I have a bowl of this marinara in the fridge pretty much at all times. It can be used on pasta, pizza sauce, dipping sauce for bread, etc. I probably don’t need to explain how to eat marinara.
Ingredients:
1/4 cup extra virgin olive oil
2 cloves fresh garlic
2 cans of whole san marzano style tomatoes (it’s ok to use the cheaper generic/kroger brand ones, but better tomatoes will make for better sauce)
2 tablespoon tomato paste
1 teaspoon dried italian seasoning (oregano also works)
2 teaspoon of kosher salt, and additional to taste
optional - pepper and/or red pepper flakes if you want a little heat
Cooking directions:
Drain whole san marzano tomatoes and set aside.
In a medium saucepan, bring 1/4 cup of olive oil to medium heat.
Crush garlic cloves and add to oil, lightly toasting them but do not brown them, about 2-3 minutes
Add tomato paste, and cookie in garlic/oil mixture for a couple minutes to let the flavors combine
Add tomatoes to mixture. I like to crush them by hand, but using a wooden spoon also works once everything is in the pot.

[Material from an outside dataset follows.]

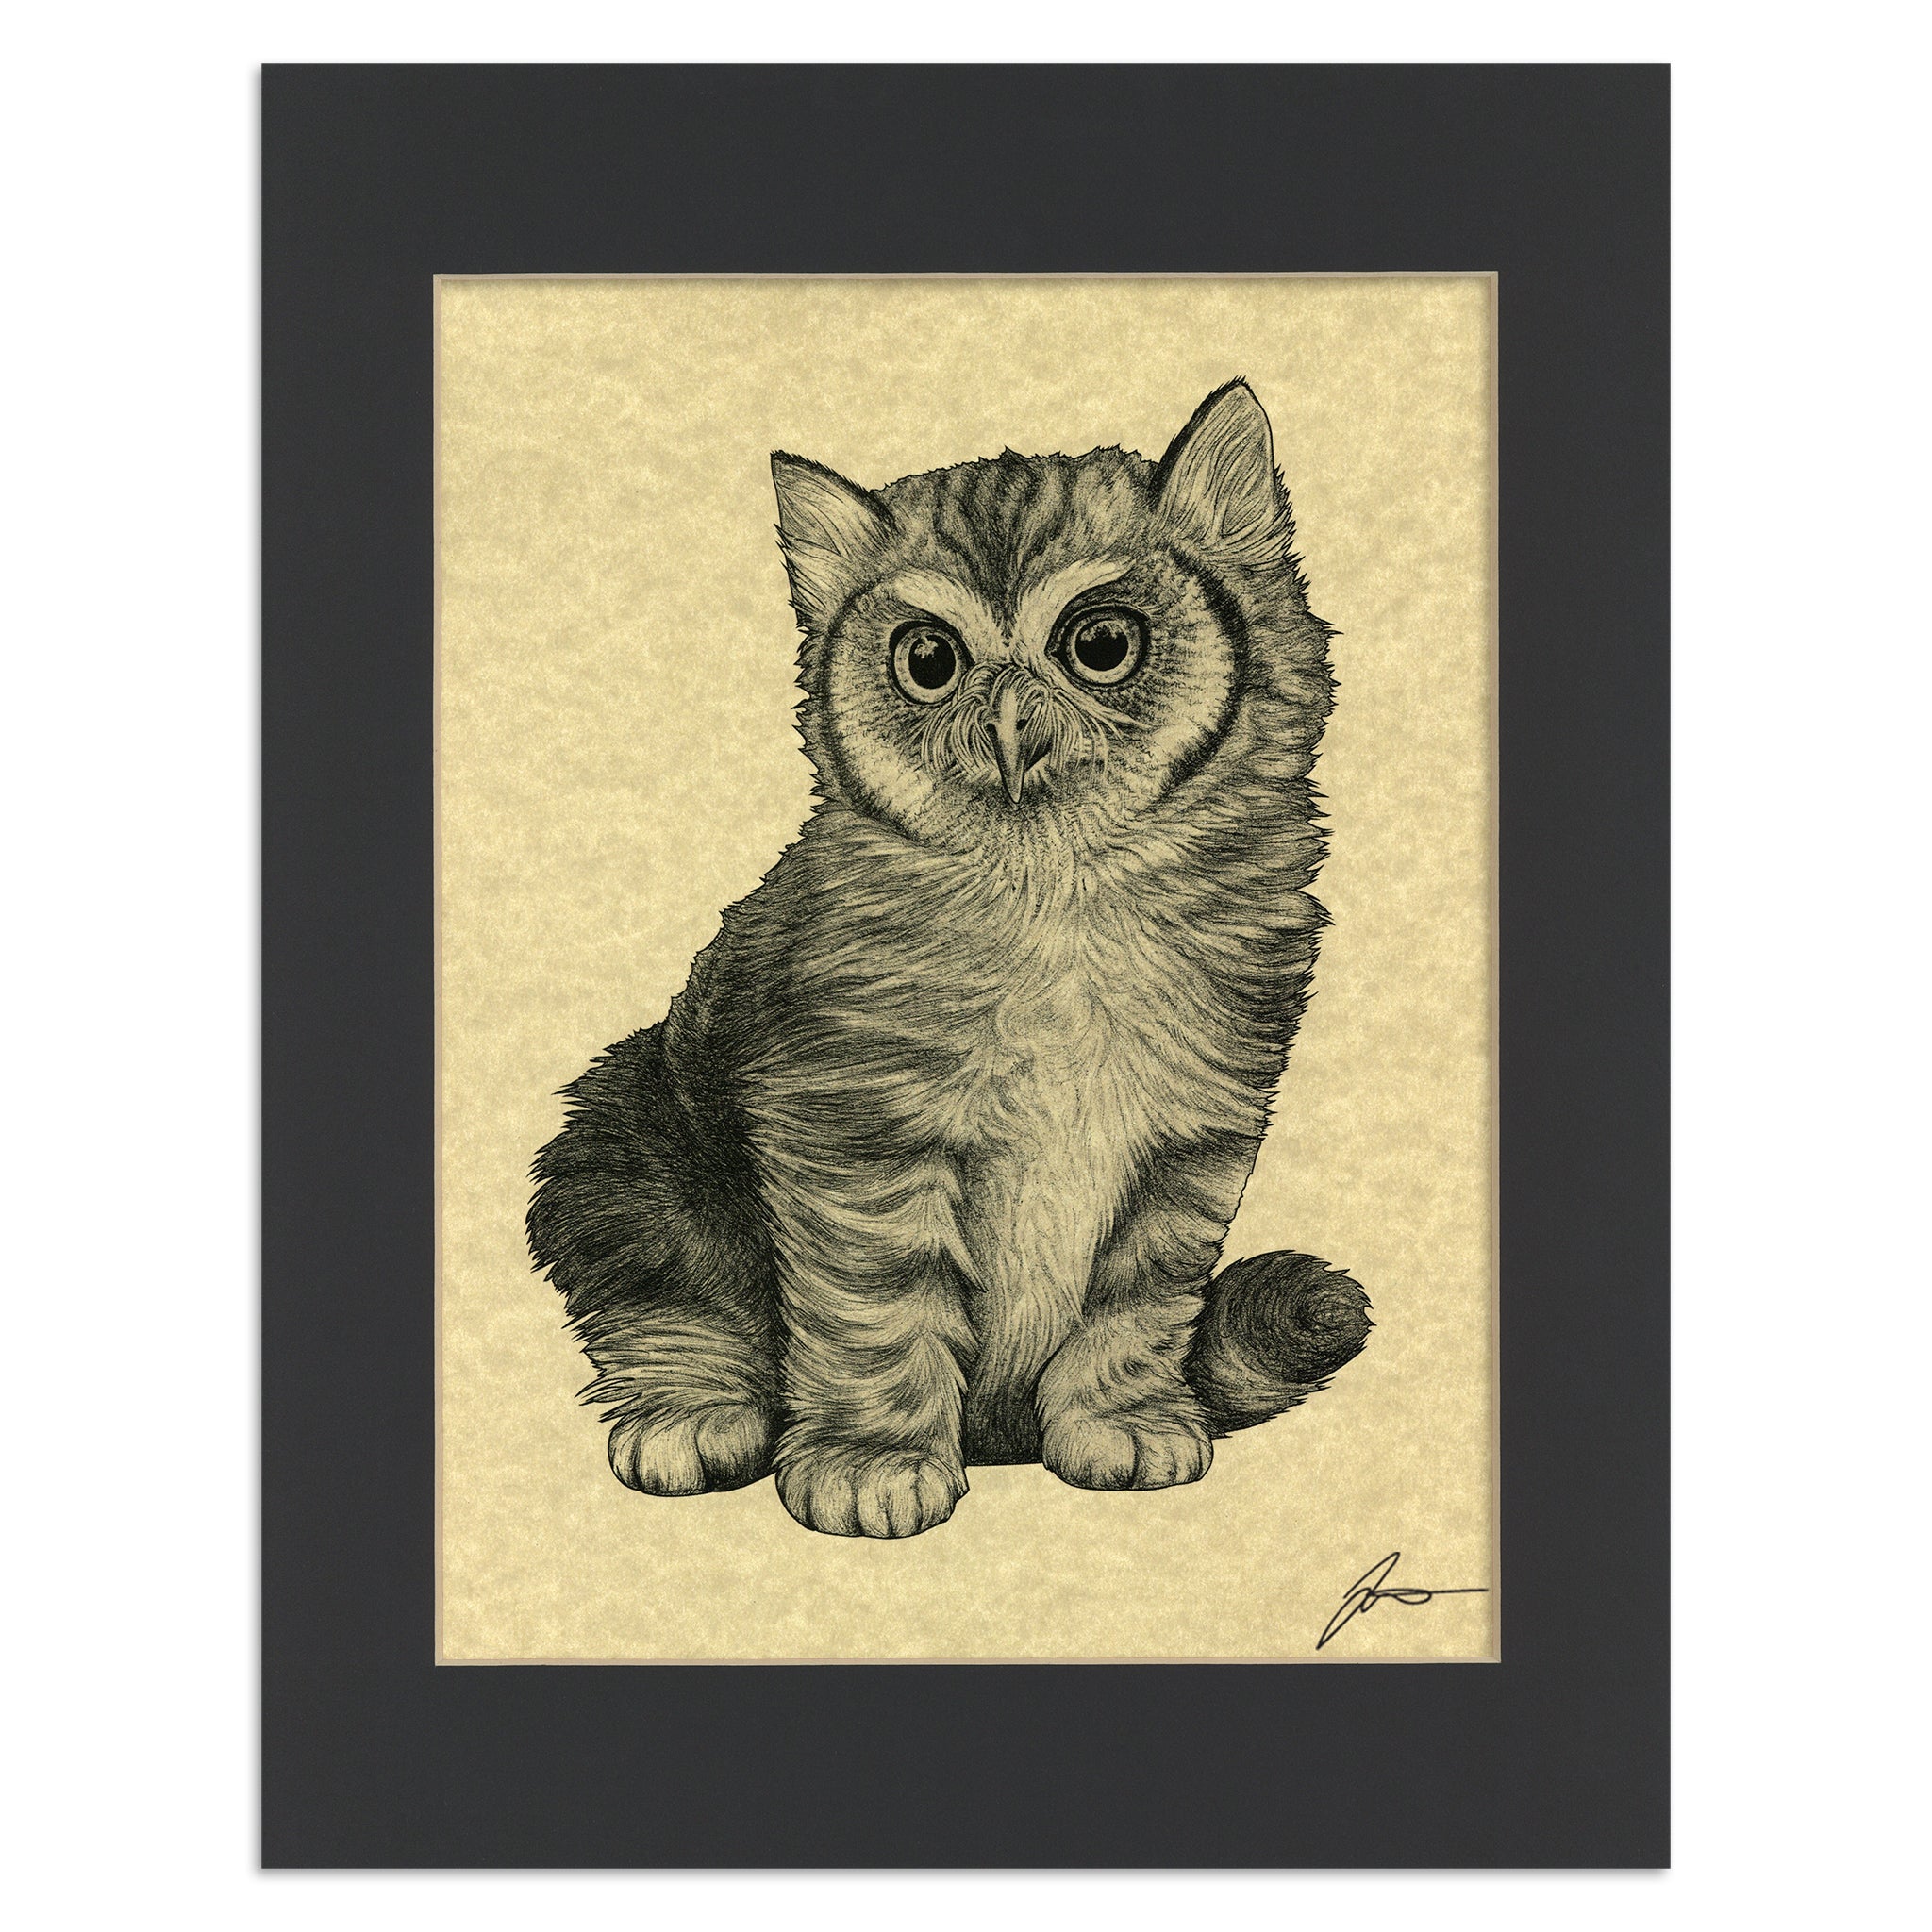 Meowl 11x14" Parchment Print

Add oregano, salt, and pepper/red pepper flakes if desired. Cook for an additional 5 minutes just to tone down the raw flavor from the tomatoes, then take off heat. You’ll want to process this down into a rough mixture, so I use a temperature safe blender (vitamix) and pulse the cooked mixture 2-3 times. A food processor also works for this.